_Supplied data_:

* * *

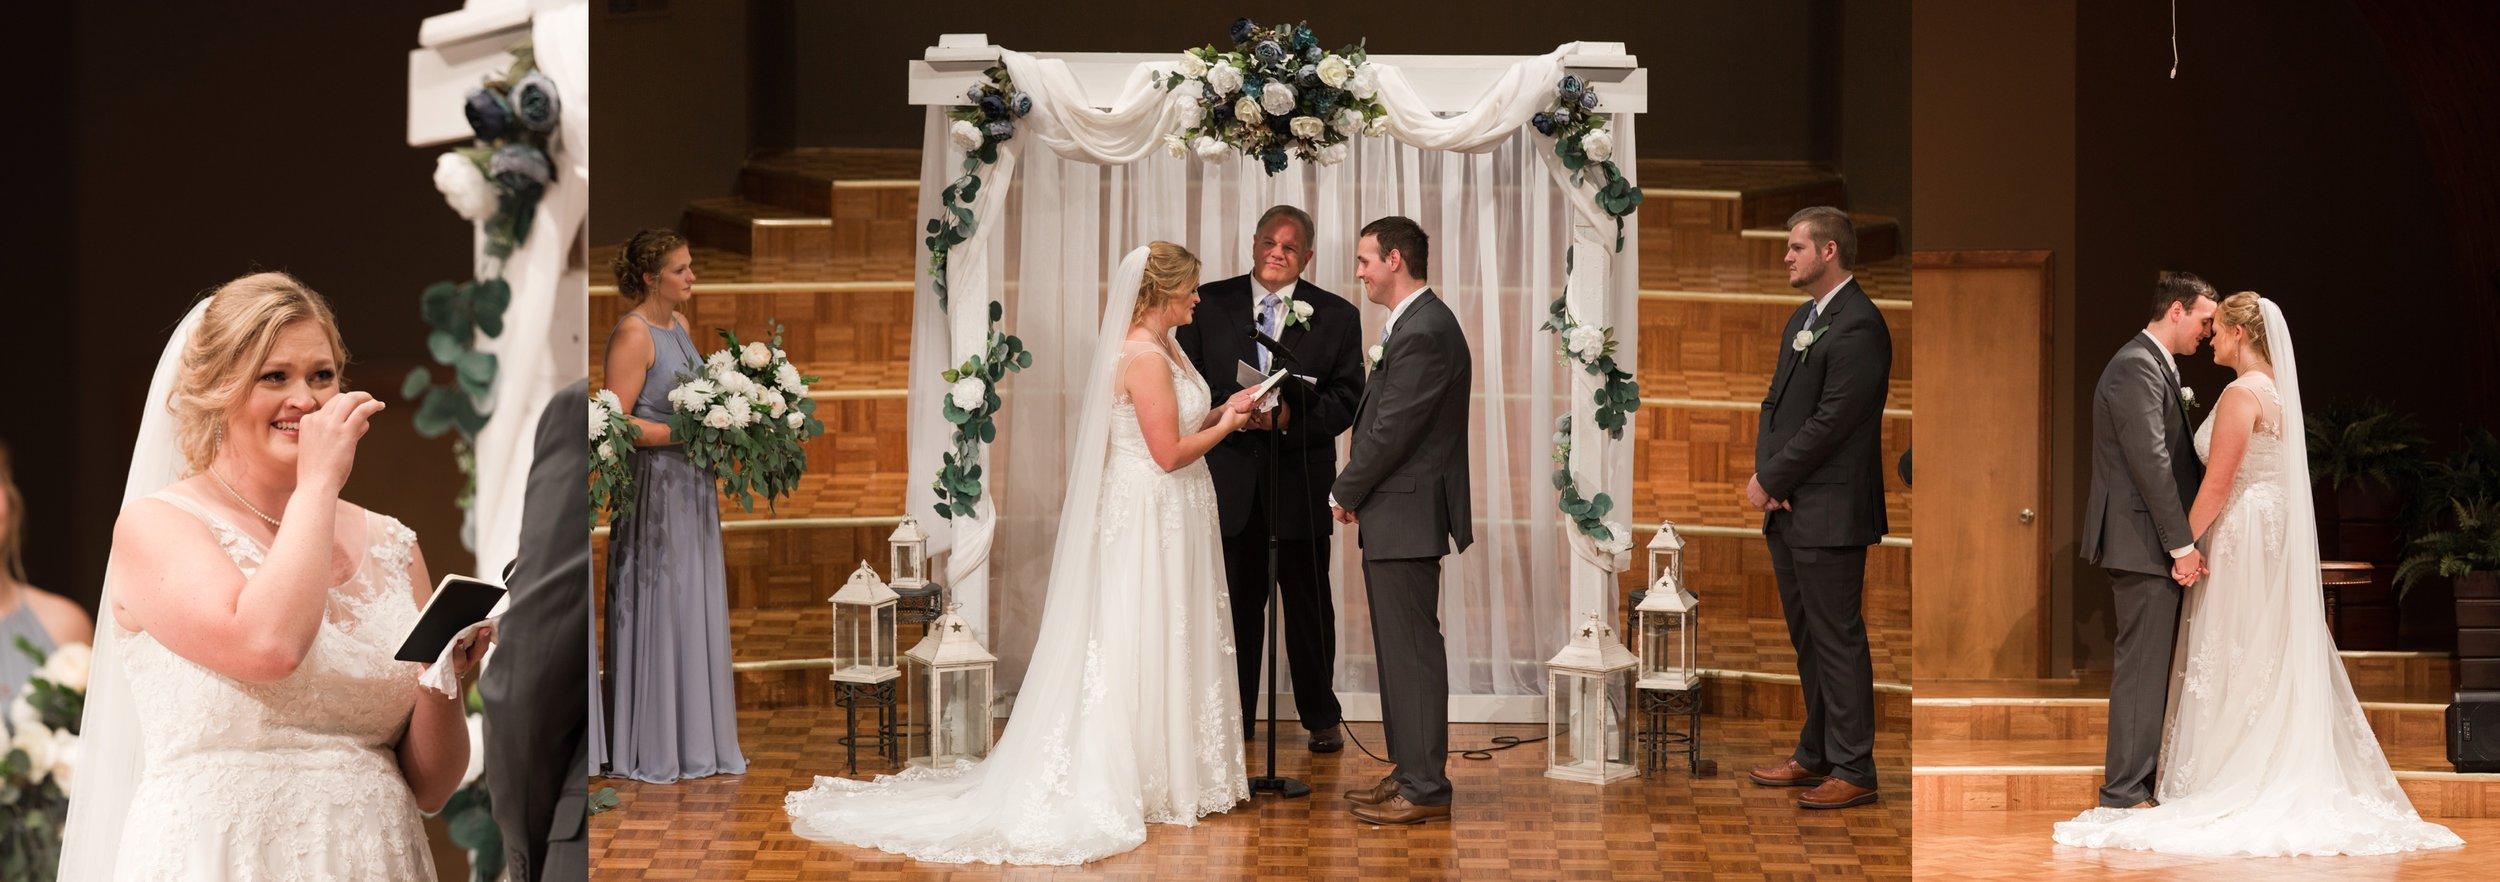 Brand-Fleenor-Wedding-ByJessicaMcBroom
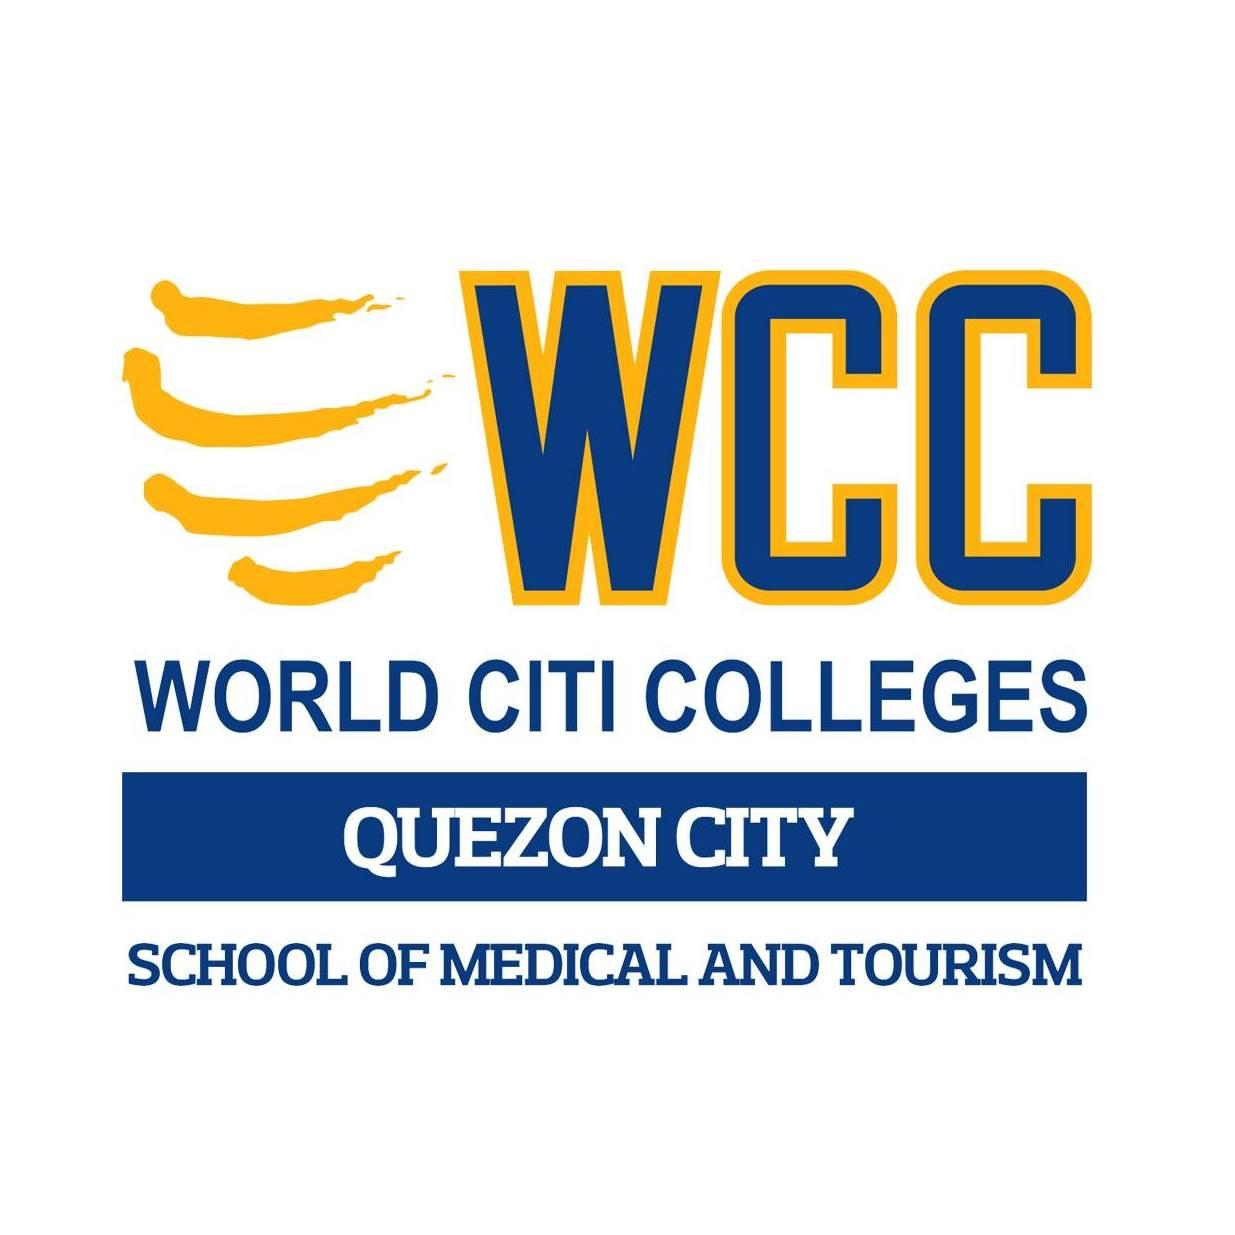 World Citi Colleges Quezon City Logo
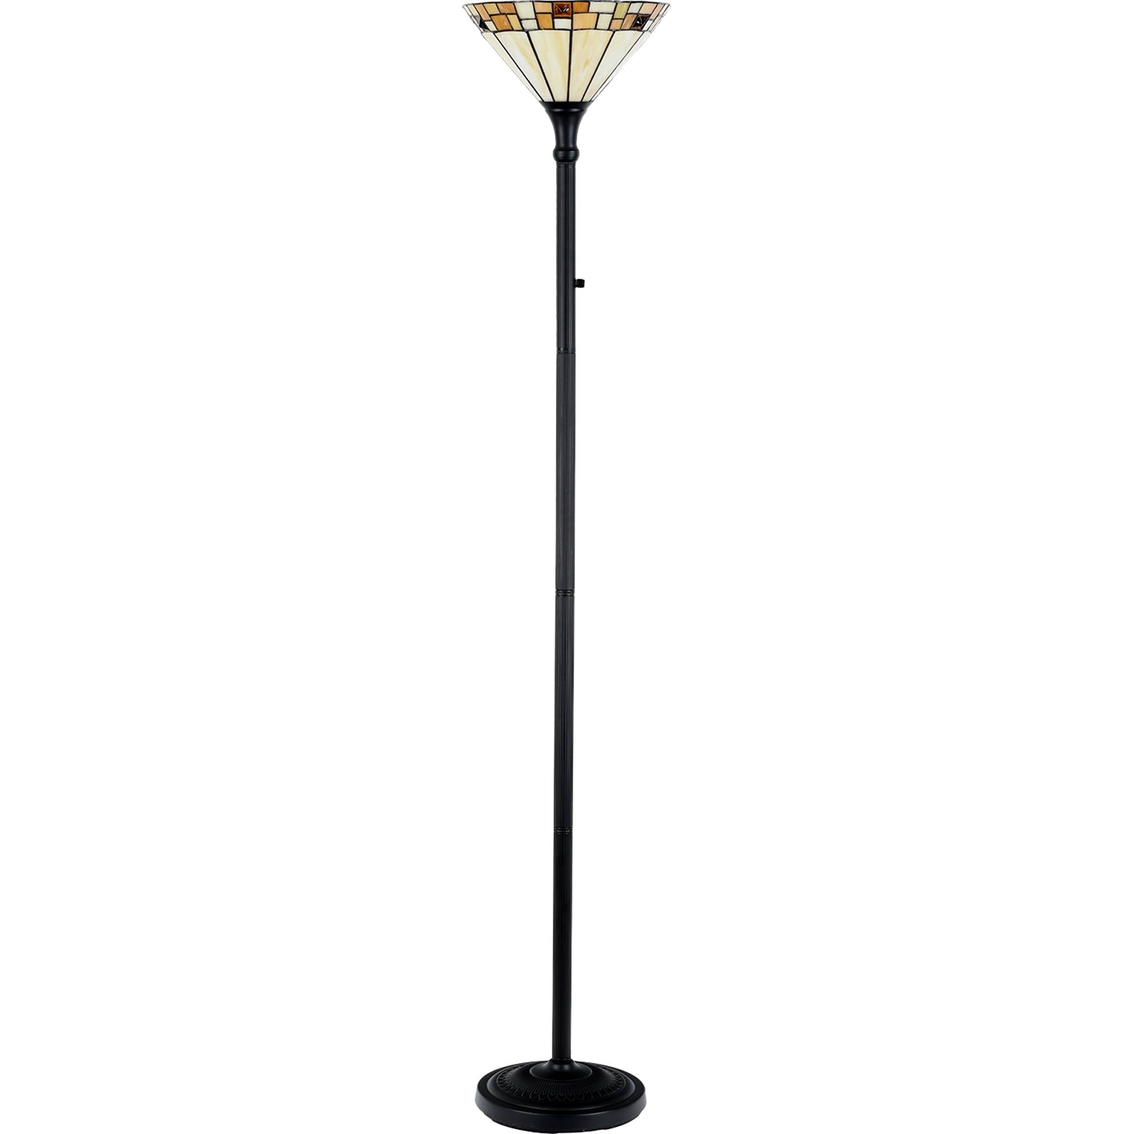 dale tiffany sundance led torchiere floor lamp floor lamps home. Black Bedroom Furniture Sets. Home Design Ideas

* * *

_Brief_: Output the line containing "World Citi Colleges Quezon City Logo" and each line after it, through the end of the material, exactly as given. No pictures belong in the output.

_Answer box_:
 World Citi Colleges Quezon City Logo
 dale tiffany sundance led torchiere floor lamp floor lamps home. Black Bedroom Furniture Sets. Home Design Ideas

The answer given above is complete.